Worldwide genetic variability of the Duffy binding protein: insights into Plasmodium vivax vaccine development

Abstract

The dependence of Plasmodium vivax on invasion mediated by Duffy binding protein (DBP) makes this protein a prime candidate for development of a vaccine. However, the development of a DBP-based vaccine might be hampered by the high variability of the protein ligand (DBP(II)), known to bias the immune response toward a specific DBP variant. Here, the hypothesis being investigated is that the analysis of the worldwide DBP(II) sequences will allow us to determine the minimum number of haplotypes (MNH) to be included in a DBP-based vaccine of broad coverage. For that, all DBP(II) sequences available were compiled and MNH was based on the most frequent nonsynonymous single nucleotide polymorphisms, the majority mapped on B and T cell epitopes. A preliminary analysis of DBP(II) genetic diversity from eight malaria-endemic countries estimated that a number between two to six DBP haplotypes (17 in total) would target at least 50% of parasite population circulating in each endemic region. Aiming to avoid region-specific haplotypes, we next analyzed the MNH that broadly cover worldwide parasite population. The results demonstrated that seven haplotypes would be required to cover around 60% of DBP(II) sequences available. Trying to validate these selected haplotypes per country, we found that five out of the eight countries will be covered by the MNH (67% of parasite populations, range 48-84%). In addition, to identify related subgroups of DBP(II) sequences we used a Bayesian clustering algorithm. The algorithm grouped all DBP(II) sequences in six populations that were independent of geographic origin, with ancestral populations present in different proportions in each country. In conclusion, in this first attempt to undertake a global analysis about DBP(II) variability, the results suggest that the development of DBP-based vaccine should consider multi-haplotype strategies; otherwise a putative P. vivax vaccine may not target some parasite populations.

Figure 1. Frequency by country of the DBP_II haplotypes that cover at least fifty percent of local parasite population.

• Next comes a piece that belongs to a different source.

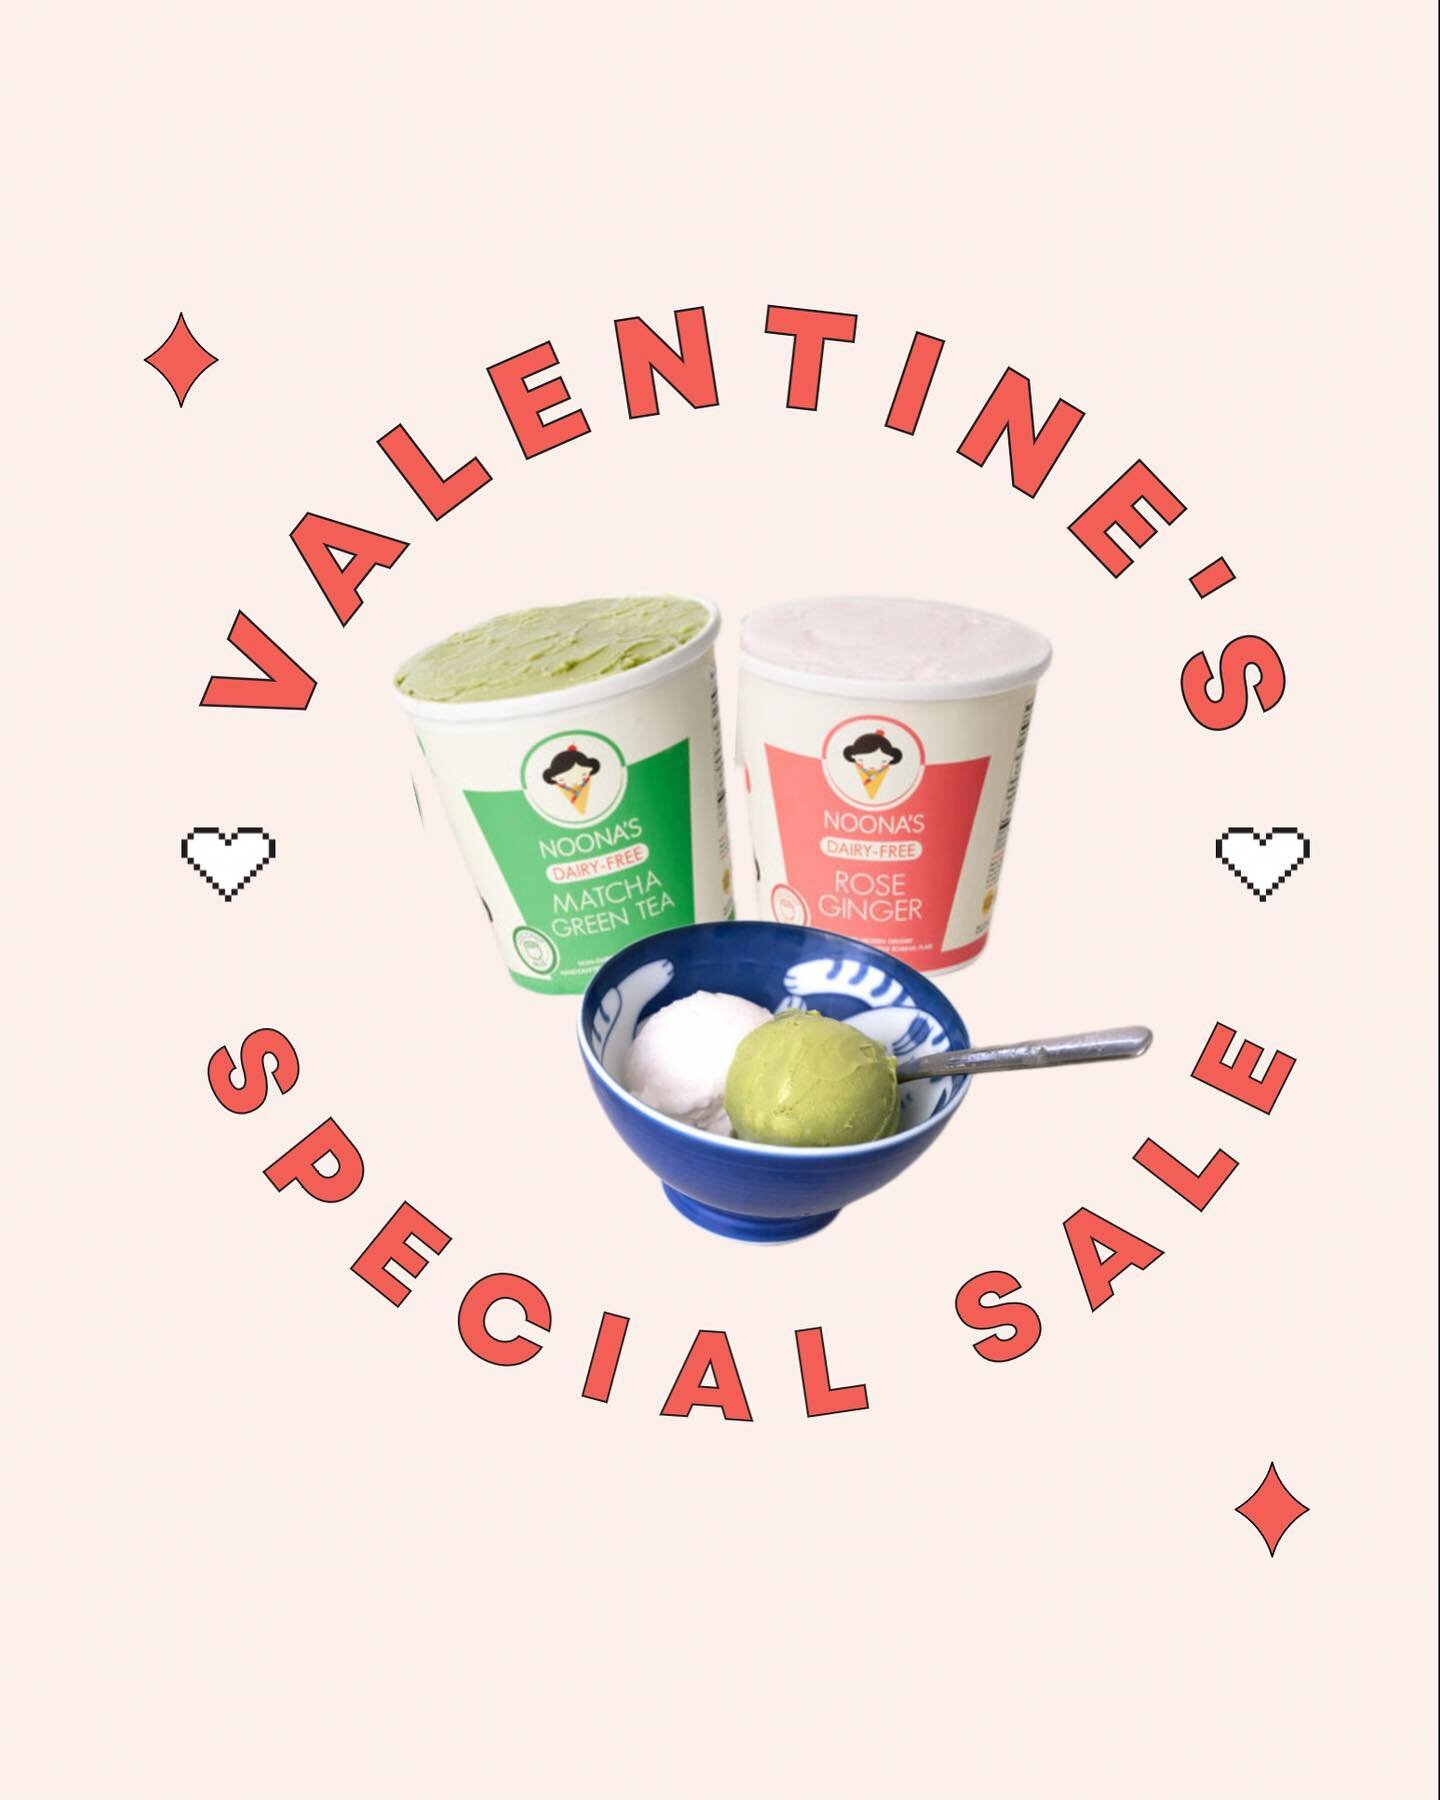 In celebration of upcoming Valentine&rsquo;s Day, we&rsquo;re having a sale for our Vegan Matcha Green Tea and Vegan Rose Ginger flavors. Add it to your cart along with all your other favorite noona flavors. To get in time for V-Day, place your order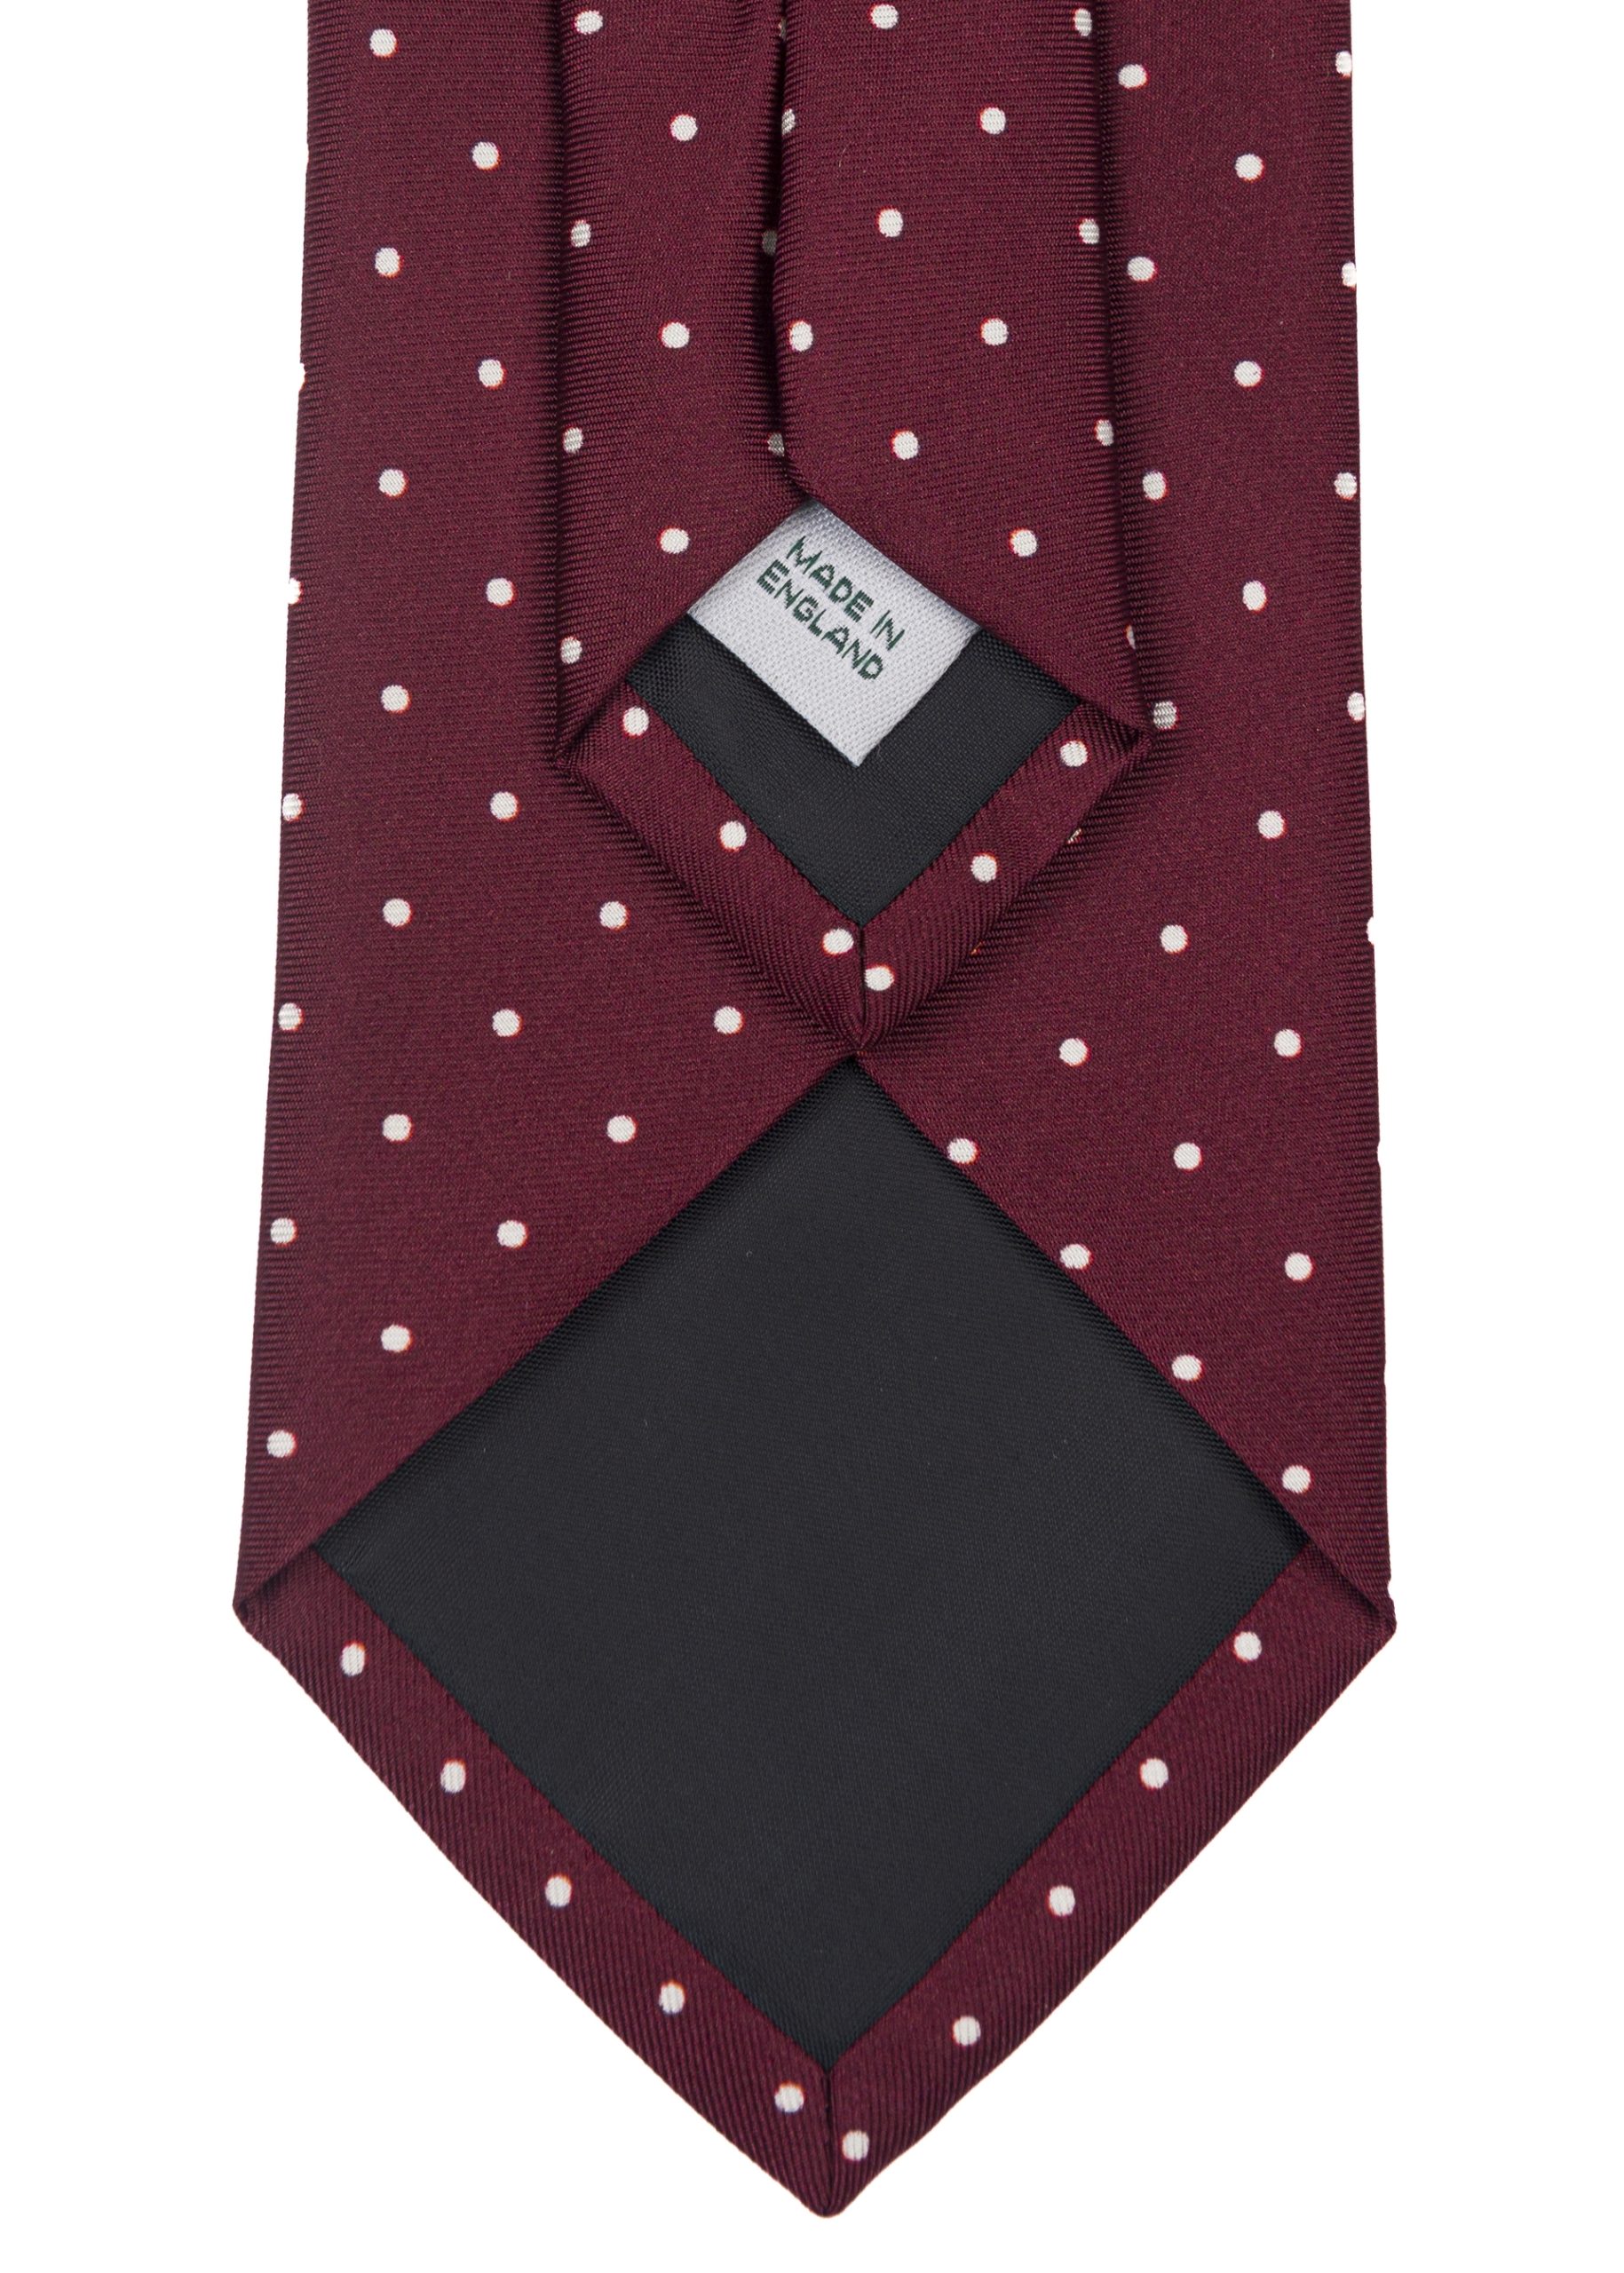 Roderick Charles spotty tie in white and wine

Among the 73 haplotypes defined using the 10 most prevalent nonsynonymous single nucleotide polymorphisms (nsSNPs), 17 haplotypes (each haplotype was represented by a color) were able to cover at least 50% of each country parasite population: 2 in South Korea (Hap 4 – dark blue and Hap 40 - orange) and in Sri Lanka (Hap 23 - red and Hap 44 – light blue); 3 in Iran (Hap 4, Hap 23 and Hap 59 – dark green), in India (Hap 12 - purple, Hap 23 and Hap 24 - yellow) and in PNG (Hap 12, Hap 55 – pink and Hap 64 – light green); 4 in Colombia (Hap 9 – light yellow, Hap 27 – dark gray, Hap 30 - green and Hap 37 - brown) and 4 in Brazil (Hap 12, Hap 23, Hap 24 and Hap 44); 6 in Thailand (Hap 8 – dark brown, Hap 15 – light pink, Hap 21 - blue, Hap 24, Hap 36 – light gray and Hap 59). The haplotype from Sal-1 reference strain was represented by purple (Hap 12), for haplotype sequences please see Table S2. The number in parentheses indicates the frequency of the selected haplotypes in the respective country (range from 0.52 to 0.63). Some F _ST values among countries are showed and represented by dashed lines.

Figure 2. Frequency of the seven nsSNP haplotypes of DBP_II that cover at least fifty percent of DBP_II sequences deposited in GenBank.

Coverage of the selected haplotypes in each country: countries that at least 50% of parasites are covered by the selected haplotypes are represented by black bars and countries that less than 50% of the parasites are covered by the selected haplotypes are represented by grey bars. The selected haplotypes were: 4, 12, 23, 24, 44, 59, 64 (for haplotype sequences see Table S2).

Figure 3. Population structure of the gene encoding DBP_II based on Bayesian cluster analysis using Structure 2.3 software.

(A) Plot of the log probability of the data [Ln P(D)] and its standard deviation (vertical bars) given values for K of 1–10. (B) Population clustering for K = 2–6. Each individual is represented by a thin vertical color. Each color represents an ancestral population (pop), and the color of individual represents their proportional membership in the different populations. Ancestral populations: red, pop1; green, pop2; blue, pop3; yellow, pop4; pink, pop5 and light blue, pop6. The figure shown for a given K is based on the highest probability run at that K.

Figure 4. Population structure for P. vivax sequences of DBP_II at K = 6.

Graphic of Structure results were produced by using the DISTRUCT program. Individual P. vivax isolate are represented by a thin vertical line from each geographic population showed above the graphic and separated by a thin black line.